Regarding his claim against Target, appellant argues that the evidence excluded by the district court was sufficient to demonstrate that the bicycle was in a defective condition when it was sold. Appellant points to the testimony of Green, who asserted that the bicycle was designed with the fender of the bicycle too low to allow sufficient clearance for the wheel; thus, the product was in a defective condition unreasonably dangerous for its intended use, and sellers may be held strictly liable if they “sell products that are in a defective condition and harm a user, even if the seller was not negligent.” Marcon v. Kmart Corp., 573 N.W.2d 728, 730 (Minn. App. 1998), review denied (Minn. Apr. 14, 1998). Appellant further argues that Green’s expert testimony that the accident was caused by the fender ramming into the tire and flipping appellant off of the bicycle was sufficient to establish causation. Thus, appellant contends that there are genuine issues of material fact regarding whether the bicycle was sold in a defective condition unreasonably dangerous for its intended use.

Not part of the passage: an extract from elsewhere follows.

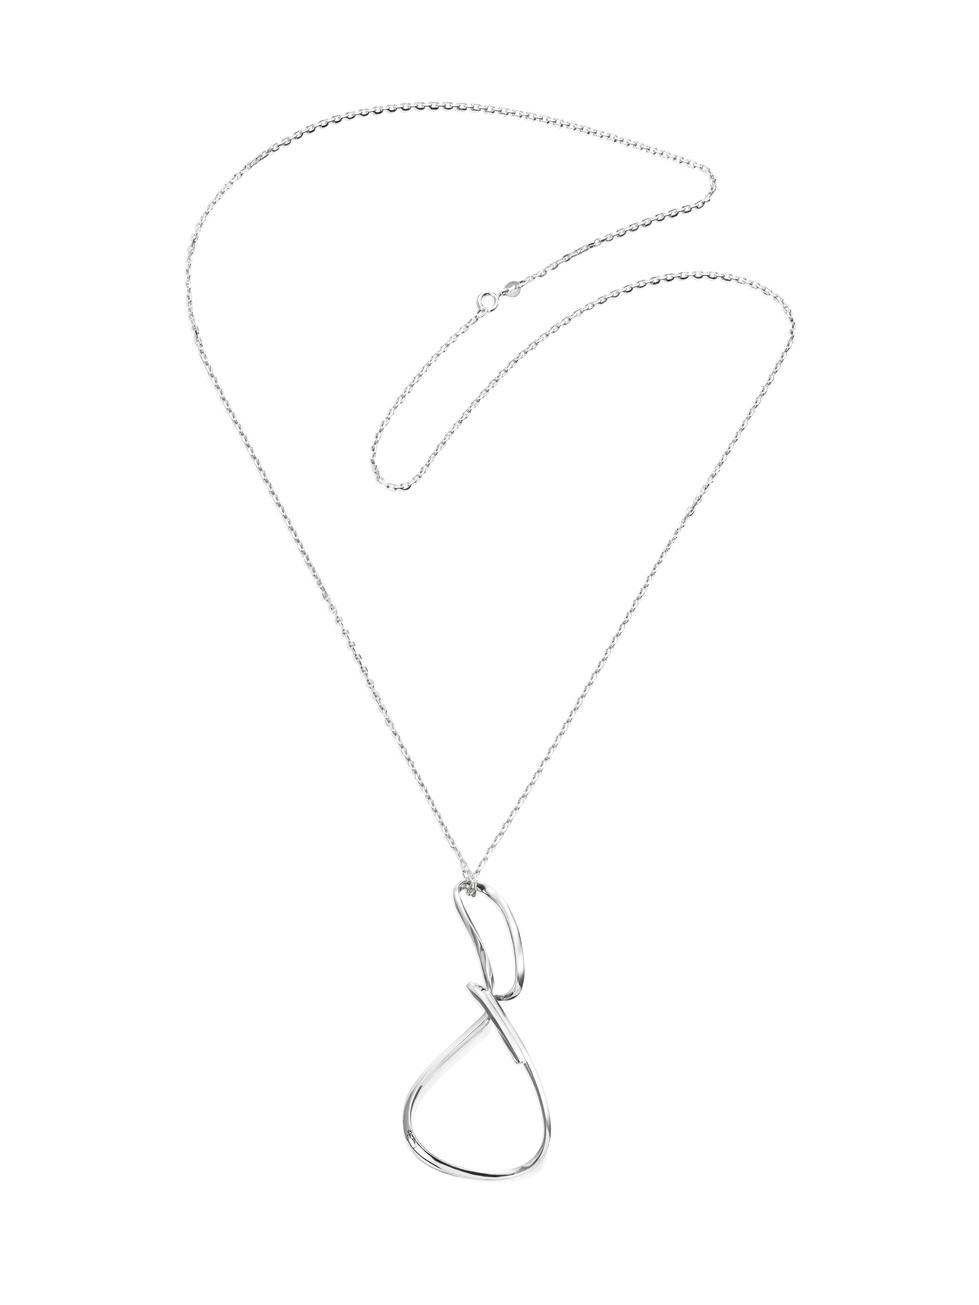 Twisting Pendant 11-100-01294(1)

Target counters by arguing that there was no provable defect in the bicycle appellant crashed when it left the store. Moreover, Target argues that it should not be held liable because DeGrado attaching a motor was an unforeseeable, abnormal use of the product. But Target seems to ignore Green’s testimony, which can be reasonably seen as creating a genuine issue of material fact for trial when granting all beneficial inferences to appellant under Minn. R. Civ. P. 56.03. Because genuine issues of material fact exist as to whether the bicycle appellant crashed was in a defective condition when sold by Target, granting summary judgment on appellant’s strict-liability claim against Target was inappropriate.
IMPACT, on the other hand, argues that it cannot be held liable because it is not a seller or manufacturer, but rather a service provider. This argument has merit. Traditionally, strict-liability claims are enforceable only against manufacturers, suppliers, and sellers of products. See Gray v. Badger Mining Corp., 676 N.W.2d 268, 274 (Minn. 2004); Marcon, 573 N.W.2d at 730 (Minn. App. 1998). Because IMPACT falls outside of the traditional strict-liability scope, the district court’s grant of summary judgment on appellant’s strict-liability claim was appropriate.
While we conclude that the district court abused its discretion by issuing spoliation sanctions against appellant, we also conclude that the district court did not err by granting summary judgment in favor of IMPACT on appellant’s negligence and strict-liability claims. But because we conclude that genuine issues of material fact exist regarding appellant’s strict-liability claim against Target, we reverse and remand this claim for further proceedings absent the previous spoliation sanction.
Affirmed in part, reversed in part, and remanded.